> [Data block]:

###

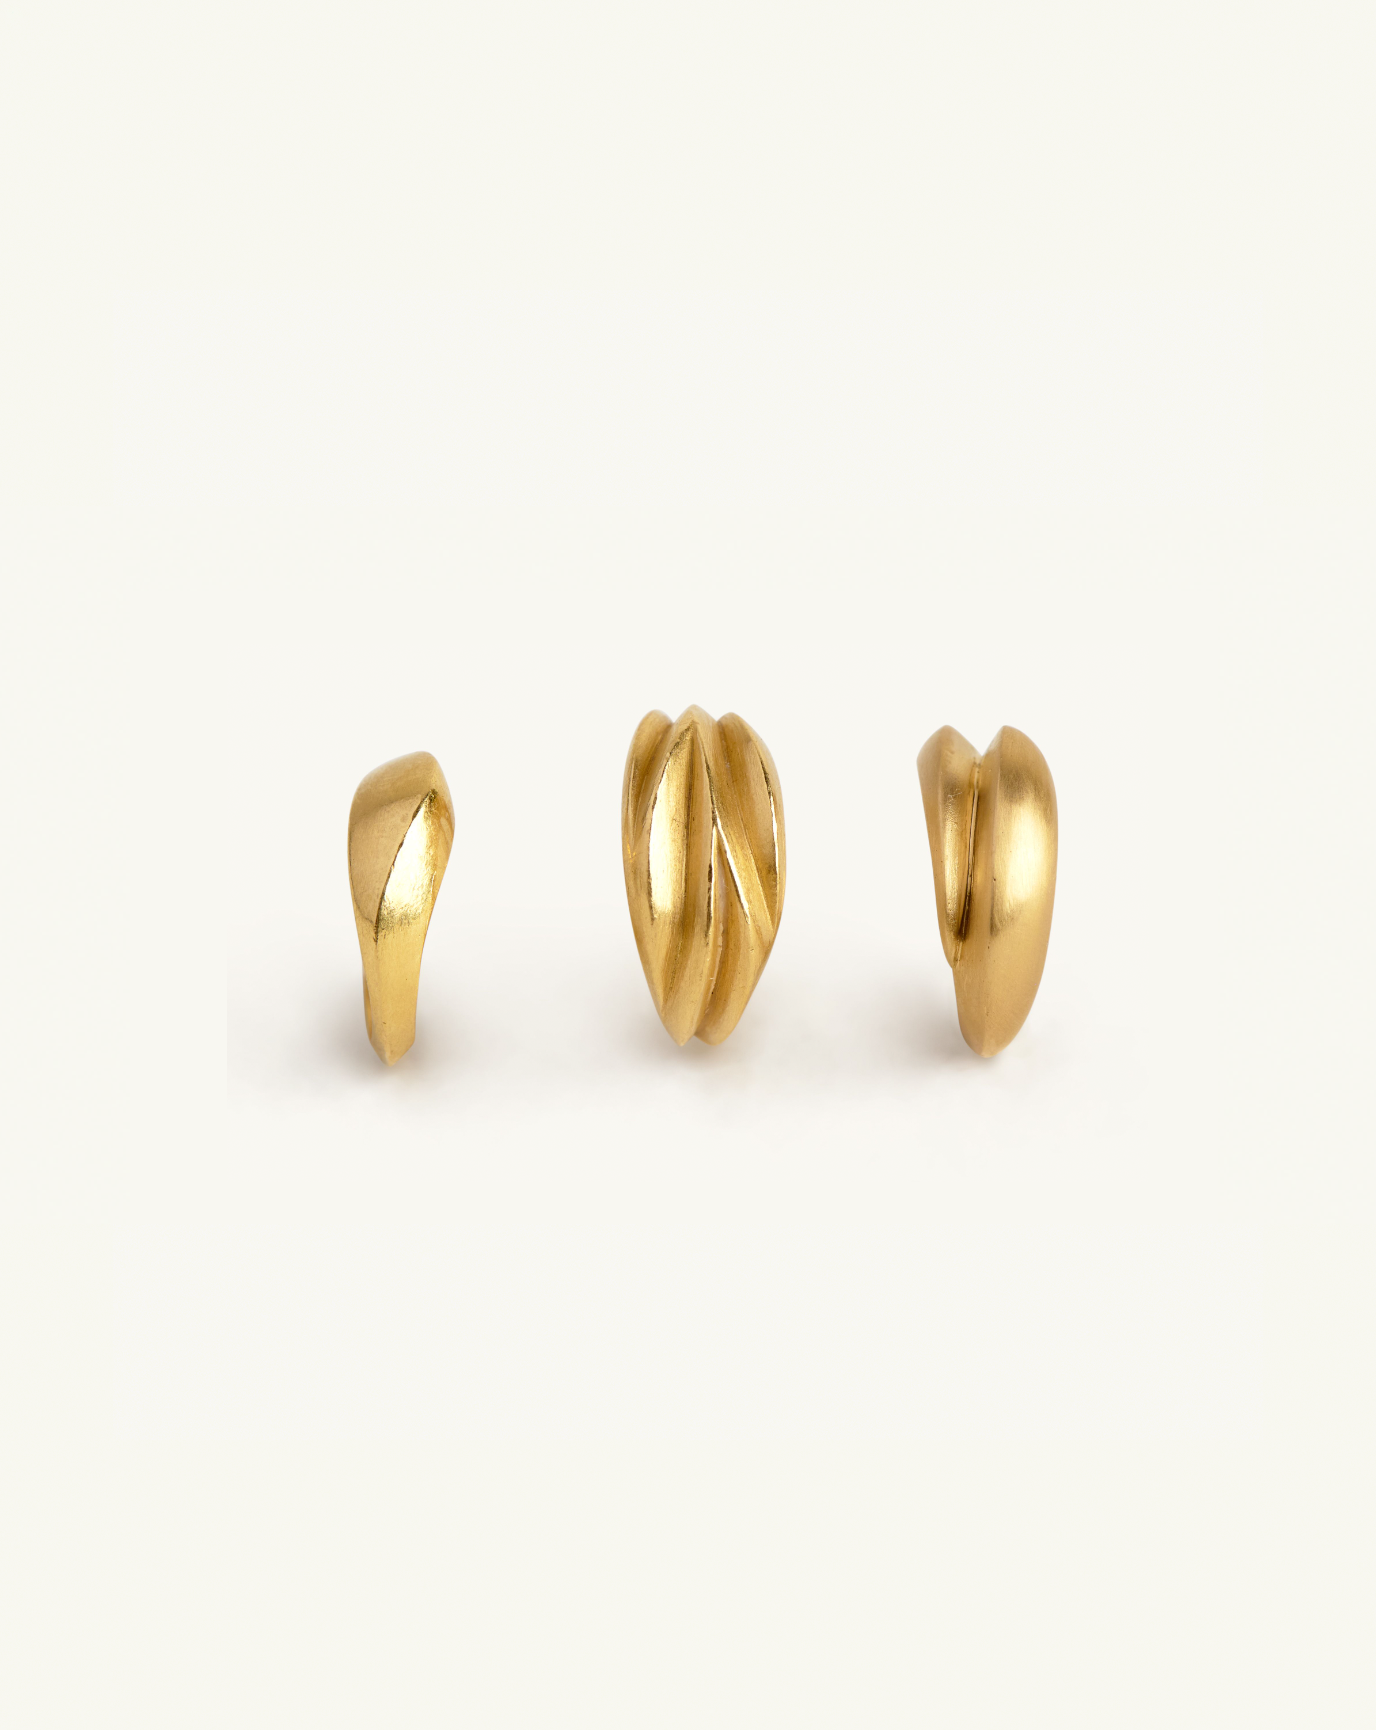 Group product image of the three sculptural rings in gold
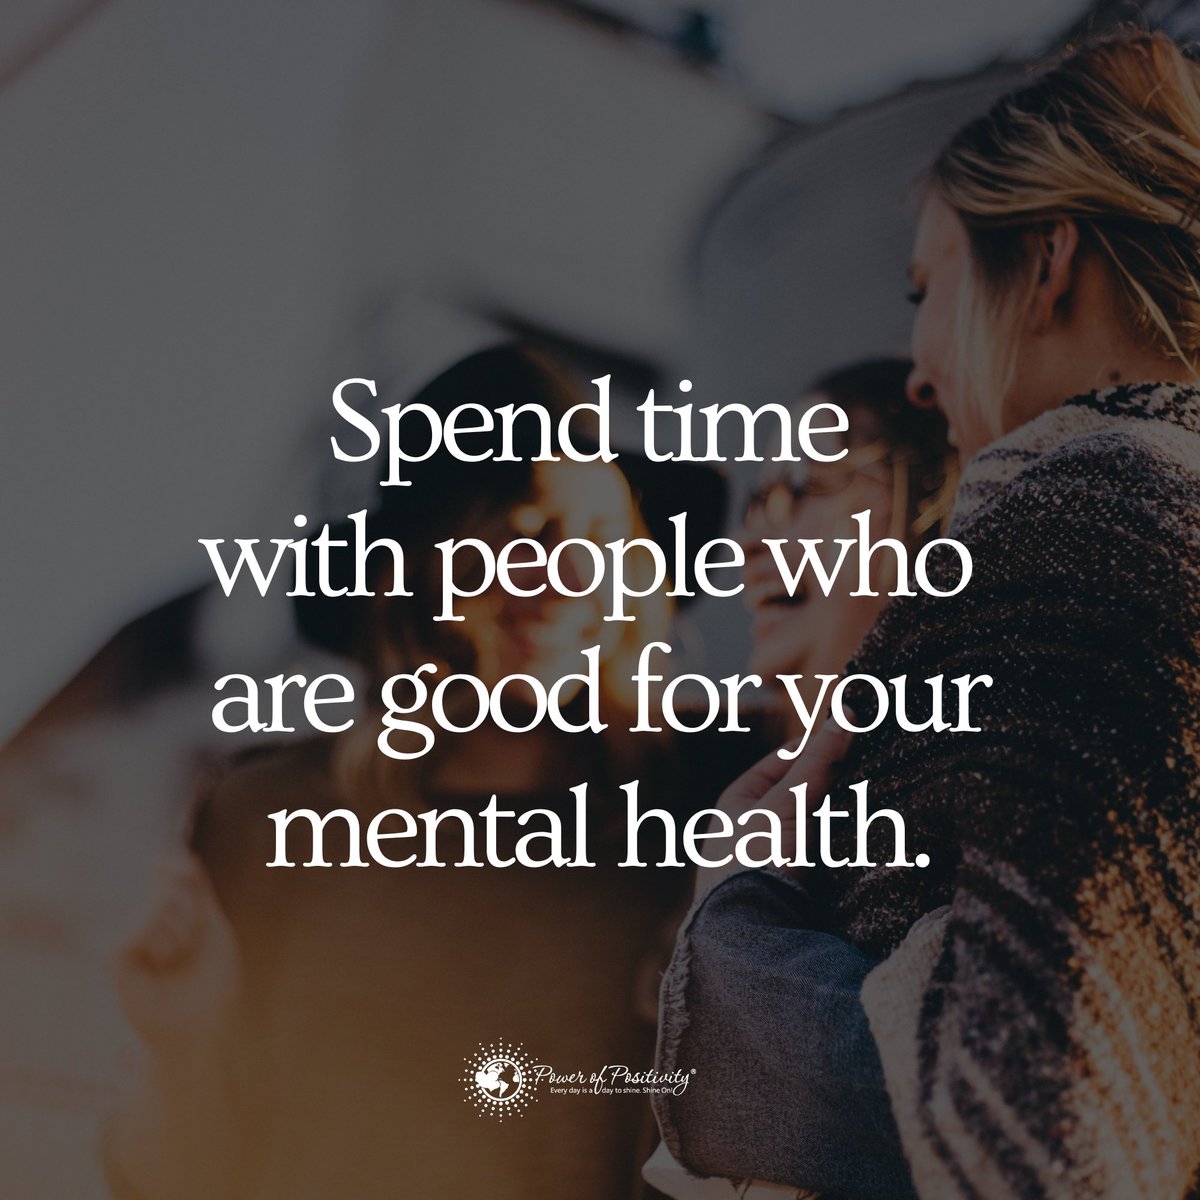 Spend time with people who are good for your mental health.
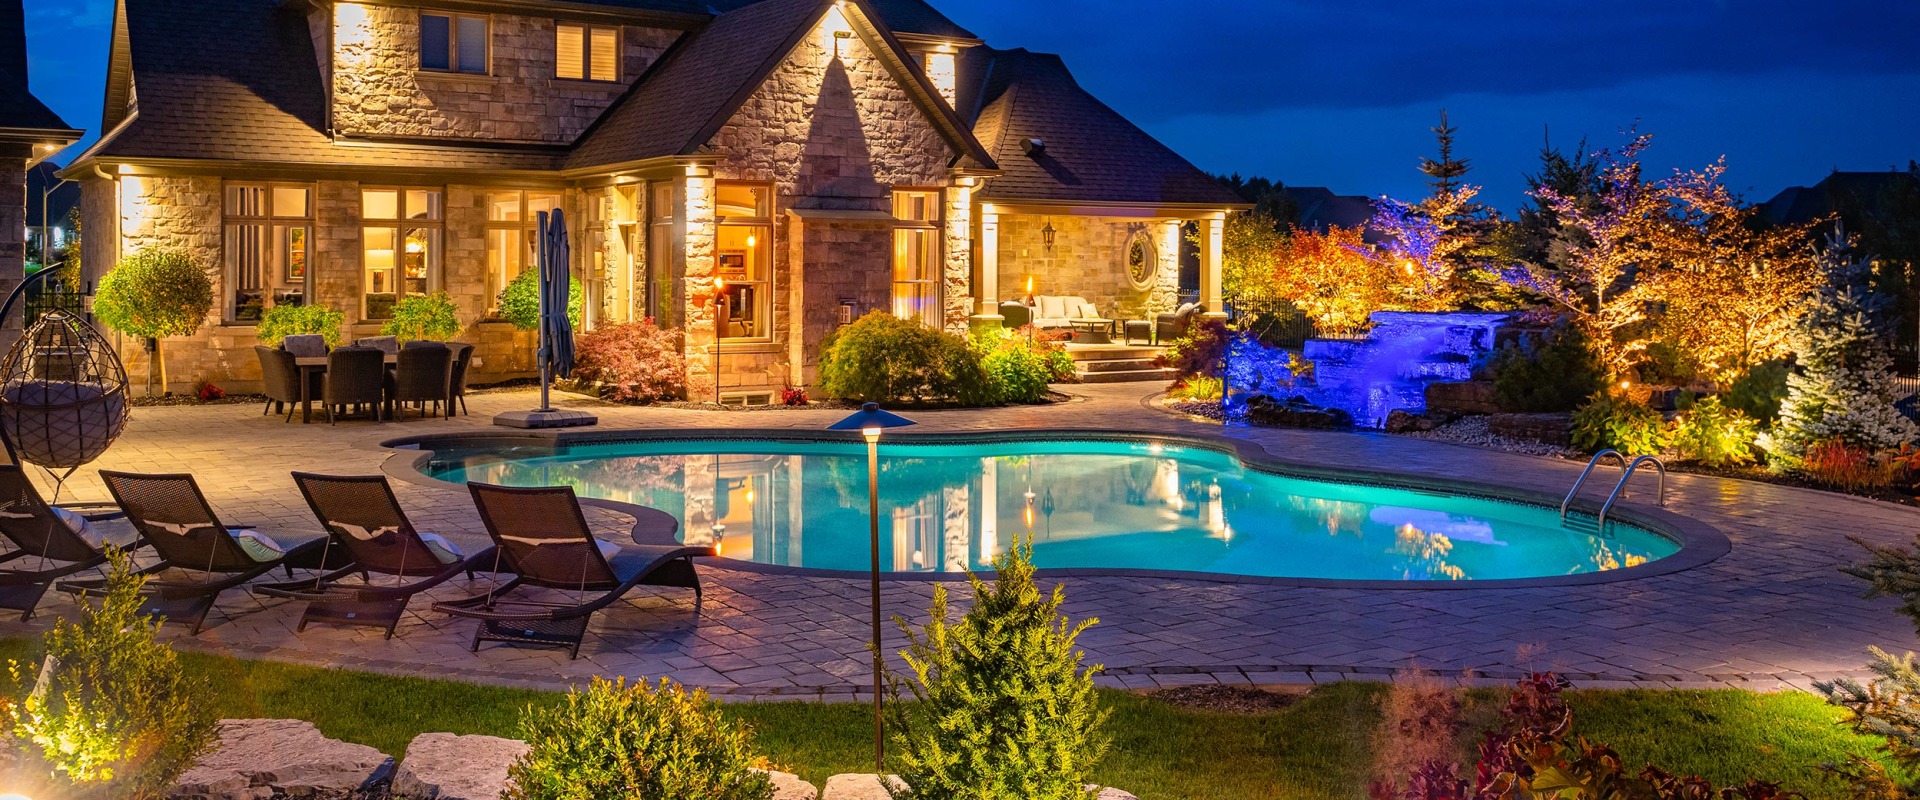 Outdoor Lighting Options to Enhance Your Home's Curb Appeal

###

> [Exercise details]:
Word for word, give the data above again, without any images.

> [Solution to the problem]:
 Group product image of the three sculptural rings in gold
 Spend time with people who are good for your mental health.
 Outdoor Lighting Options to Enhance Your Home's Curb Appeal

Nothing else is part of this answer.